The case of convicted alien smuggler Anthony J. Tracy raised national security concerns because of his contacts with a Somali terror group, Al Shabab. Tracy denied helping Shabab, but failed that part of a lie-detector test.
"I helped a lot of Somalis and most are good, but there are some who are bad and I leave them to ALLAH," Tracy wrote in a Jan. 15 e-mail, according to court records in his case.
The two Cubans, identified only as Consuelo and Elena, were fired by their supervisors for providing the Somalis with visas so they could slip into the United States via Dubai, Moscow, Havana, South America and Mexico, the records showed.

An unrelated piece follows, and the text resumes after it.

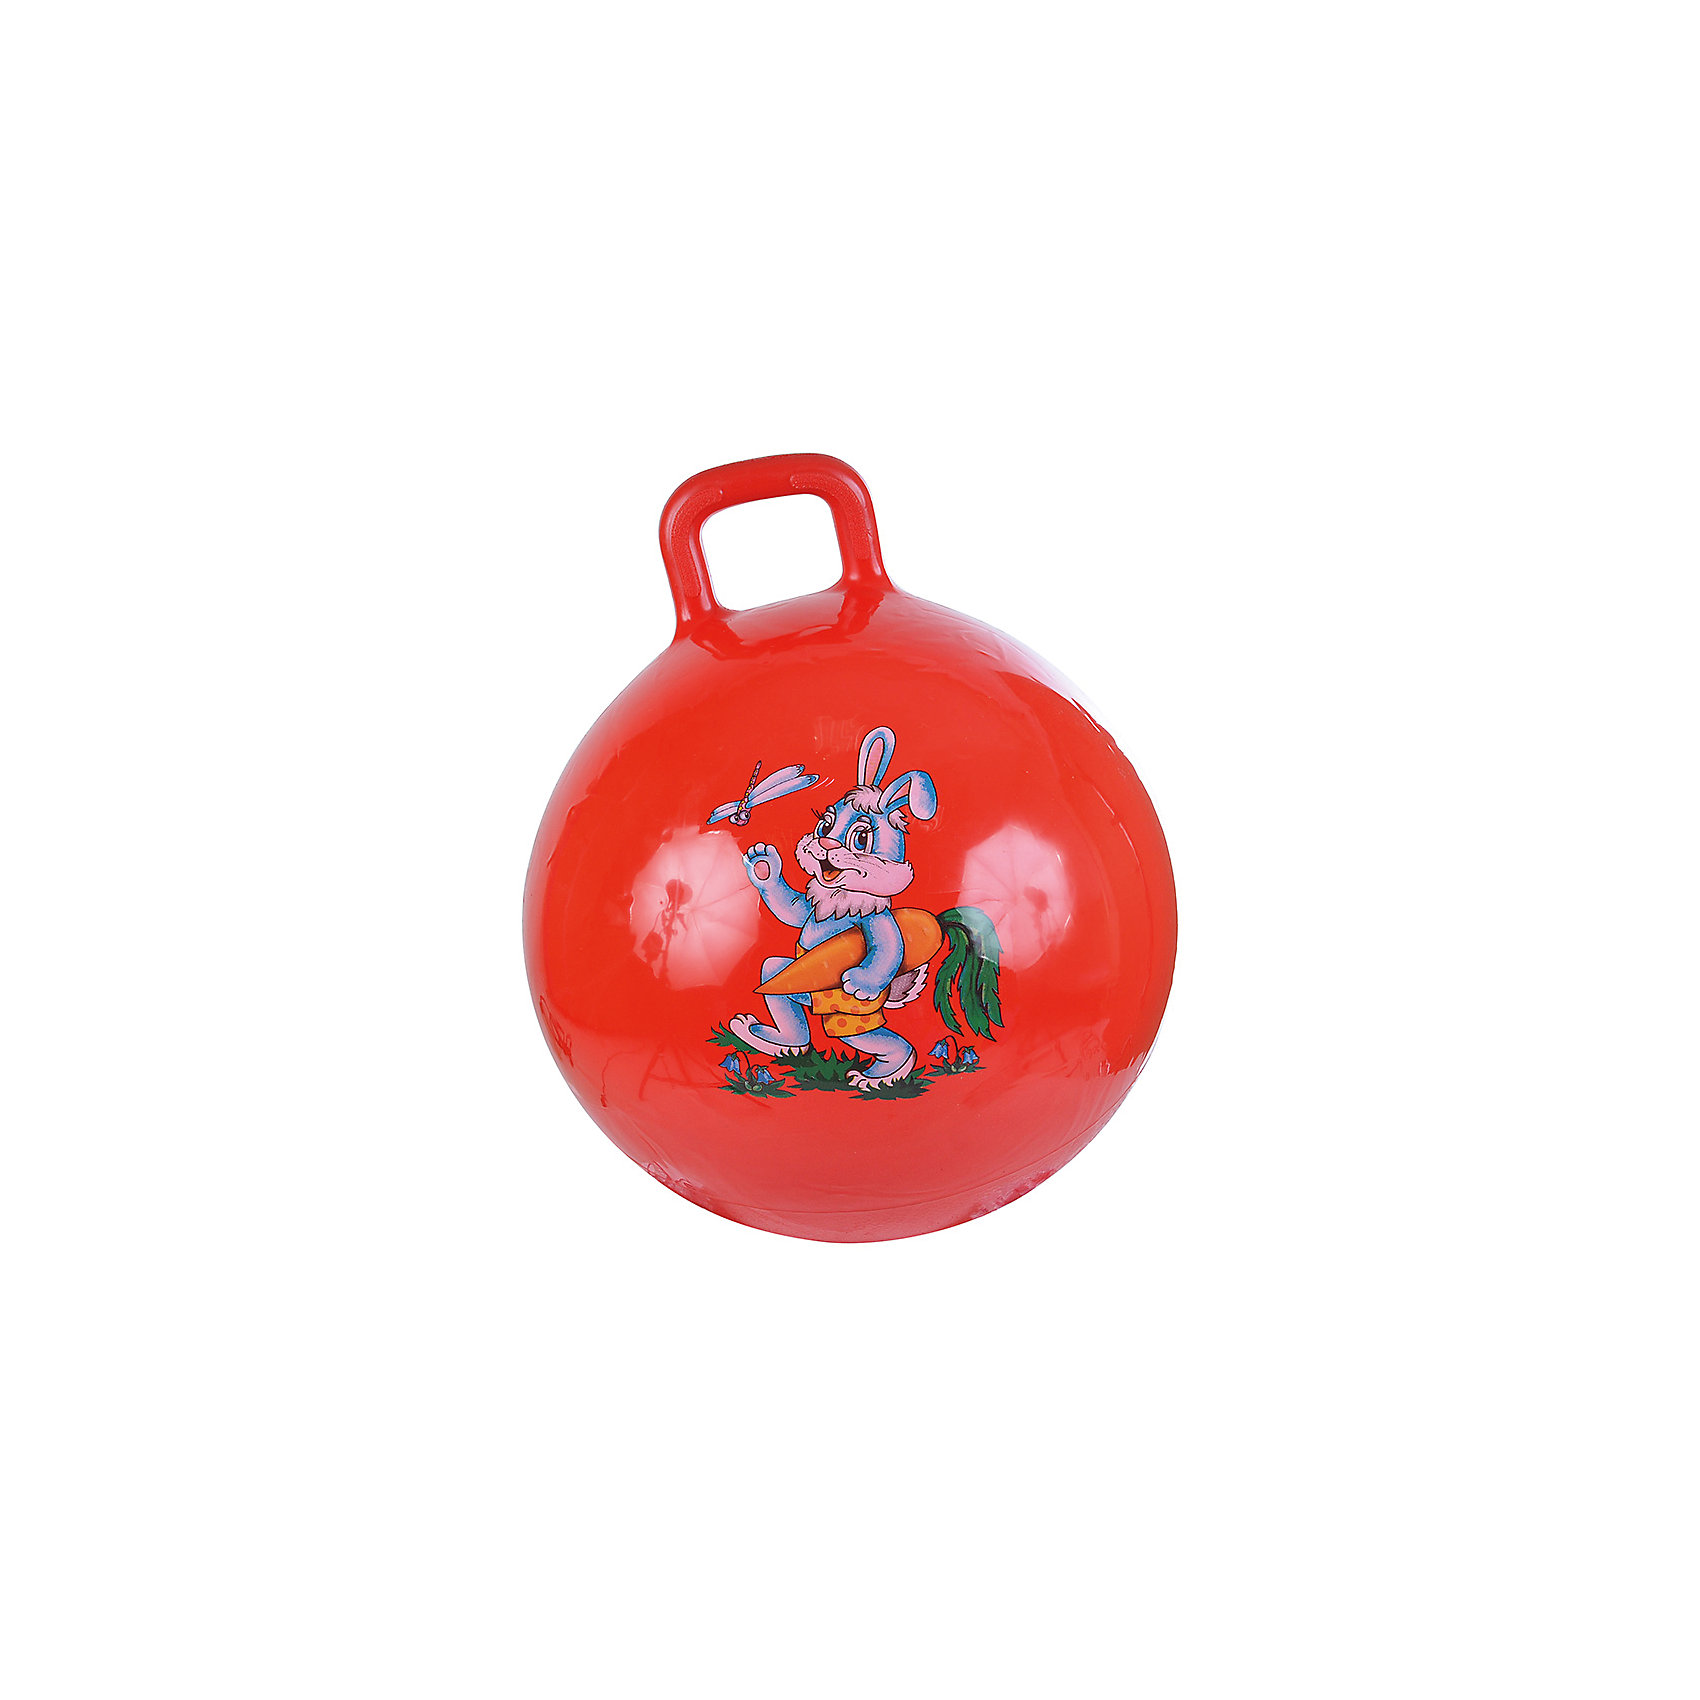 Надувной мяч Зайка, с насосом, 45см, красный, SPRING<br><br>Ширина мм: 450<br>Глубина мм: 450<br>Высота мм: 450<br>Вес г: 550<br>Возраст от месяцев: 36<br>Возраст до месяцев: 120<br>Пол: Унисекс<br>Возраст: Детский<br>SKU: 4785523

Tracy, 35, a Virginia resident, pleaded guilty to one charge of alien smuggling and was sentenced last week to time served -- four months -- and a $100 fine in federal court in Alexandria, Va.
Many of the court records were sealed or heavily redacted. But others showed that while Tracy confessed to helping Somalis obtain Cuba visas, prosecutors acknowledged they were having trouble proving that any of the aliens had reached the United States.